Now we’re out on the dancefloor, Claude finds me and gives me a glass of vodka something. Her friends like me, I think; everyone is so friendly, we’re mingling and hugging and dancing and laughing for what feels like hours. Claude disappears, so I look for her and find her smoking in the toilet. She looks sad. She tells me she hates her life, she’s really broke and depressed and her ex-boyfriend posted a photo of him with some girl on Instagram. I look down and my eyes meet her brand-new Balenciaga shoes. She can’t deal with all of this right now, she’s going to New York for a while until she feels better. She asks me if I can lend her money tonight for taxis and such. Of course I can. We leave the toilet and tell everyone we’re leaving.
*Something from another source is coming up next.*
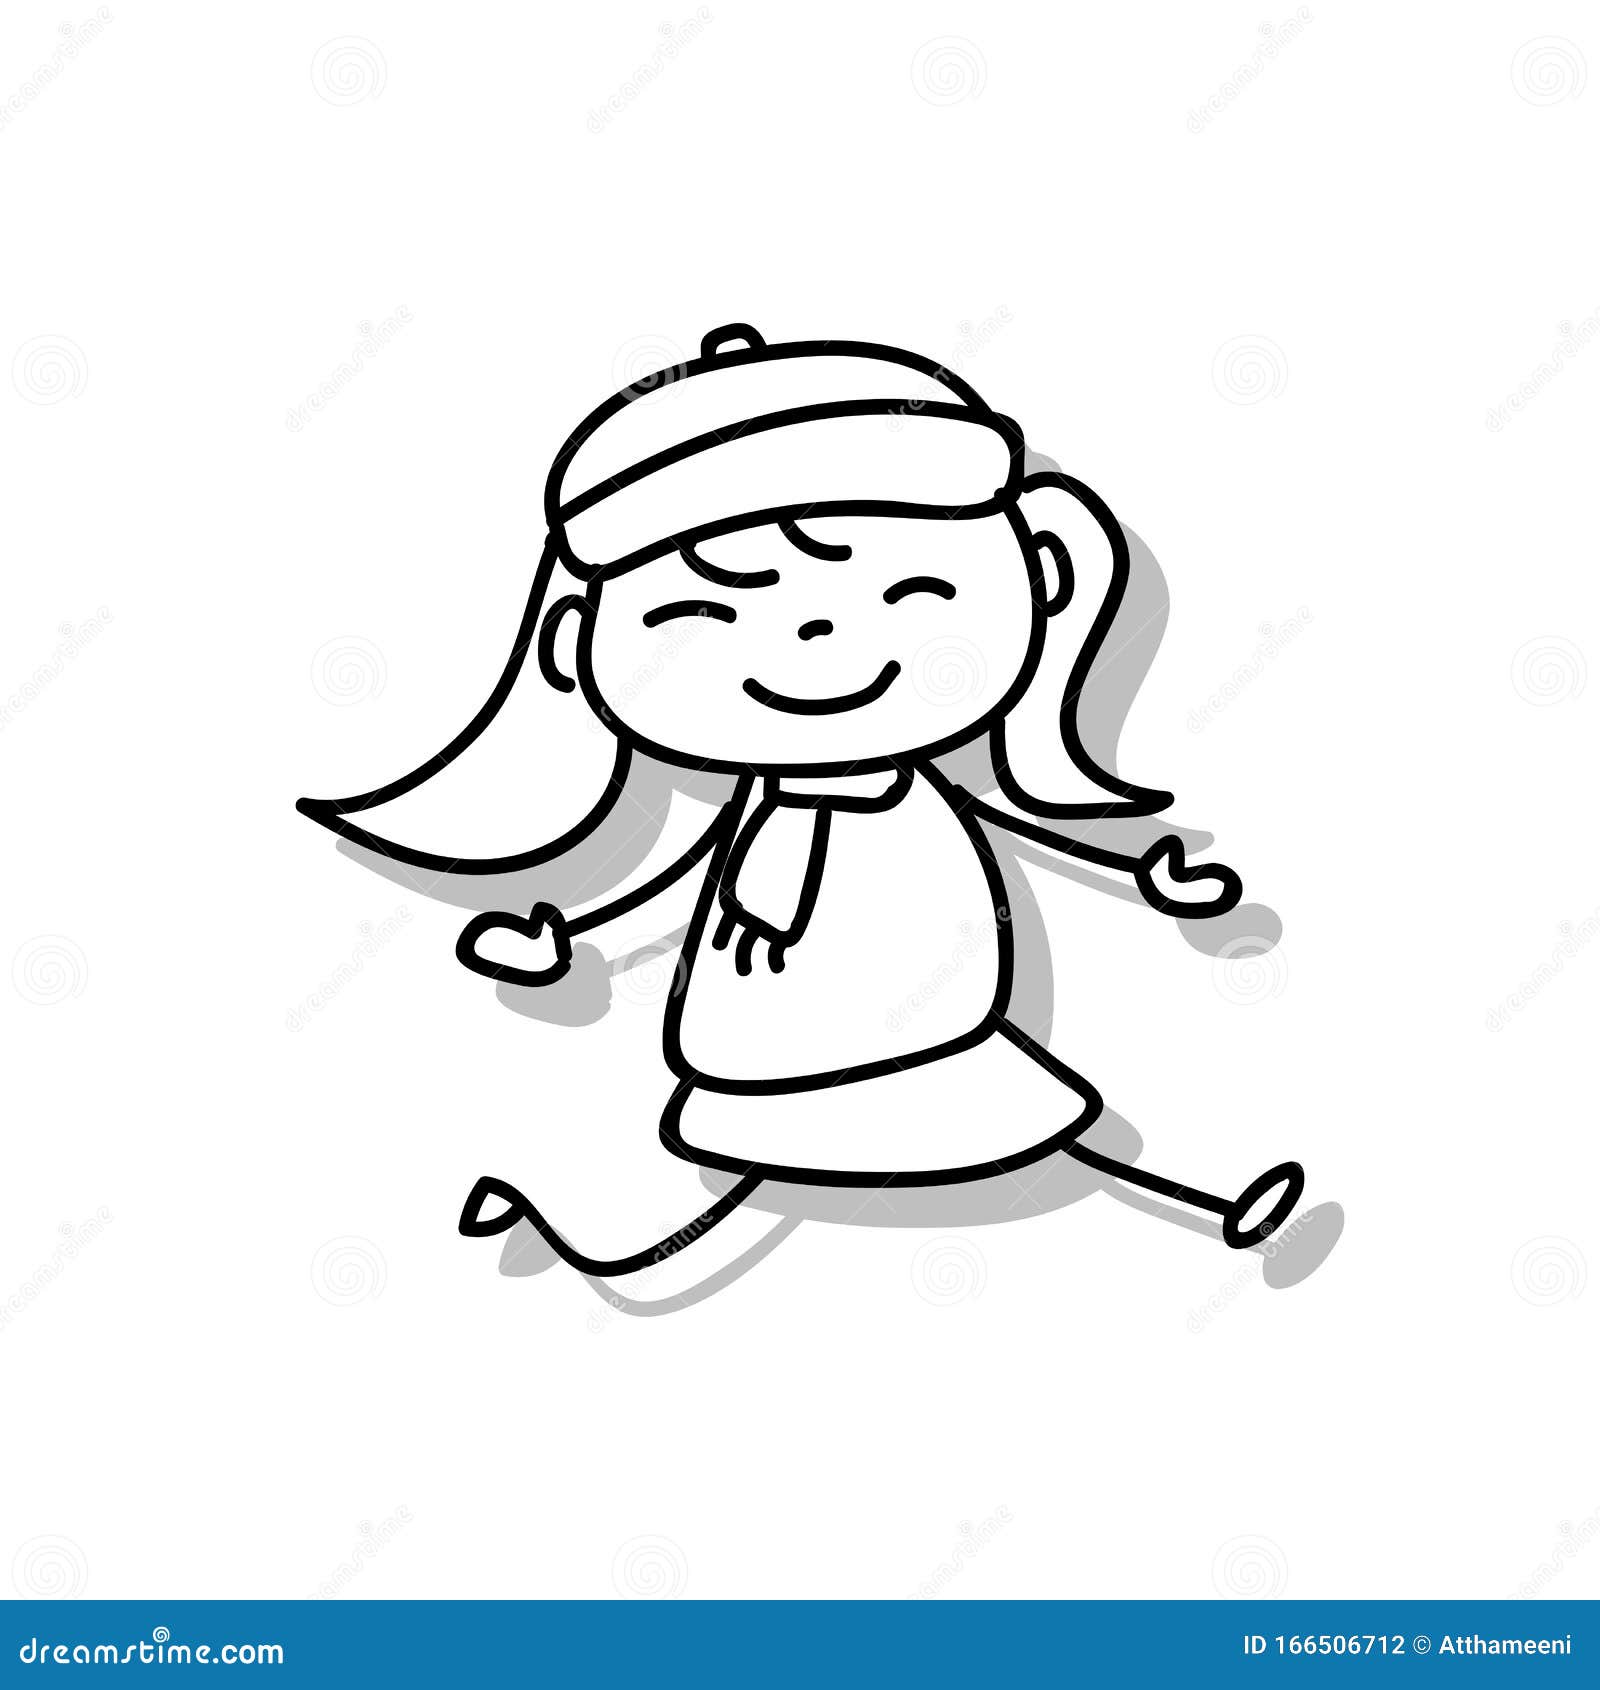 Premium Vector  Cute happy cartoon doodle girl kids, child drawing sketch,  children character isolated vector

It’s 5am and we’re out on the street trying to figure out where to go now, what apartment to gather in. We hop into taxis headed towards the 18th district, and through the window I see people taking the first Métro. After buying snacks and alcohol at the convenience store we go up to this guy’s place. I couldn’t imagine a nicer place for a man. It’s decorated with exquisite carelessness, full of bits of trips and life experiences, with the right amount of sports gear, old objects, smart books and magazines. He looks just like his place; he’s funny, his hair is beautiful and his shirt is just right. He brings glasses, fresh herbs and lemons to the table. He puts on music – need I say that it was perfect? Then he goes around asking everyone if they have this and that. Claude changes the music and starts to dance lasciviously; some dude joins her and pushes her slowly into a room. There are little groups all over the apartment doing different things, chatting, drinking, dancing, eating, going through their handbags, talking on their phones, smoking on the balcony, making out on couches and in corners, reading, sleeping. I’m tired but I just don’t want to leave.

It’s 8am. The few people who are awake are in deep conversation in the kitchen. I take my things and leave quietly. I’m in the street now. I put my headphones on and play some Mariah Carey as I walk home.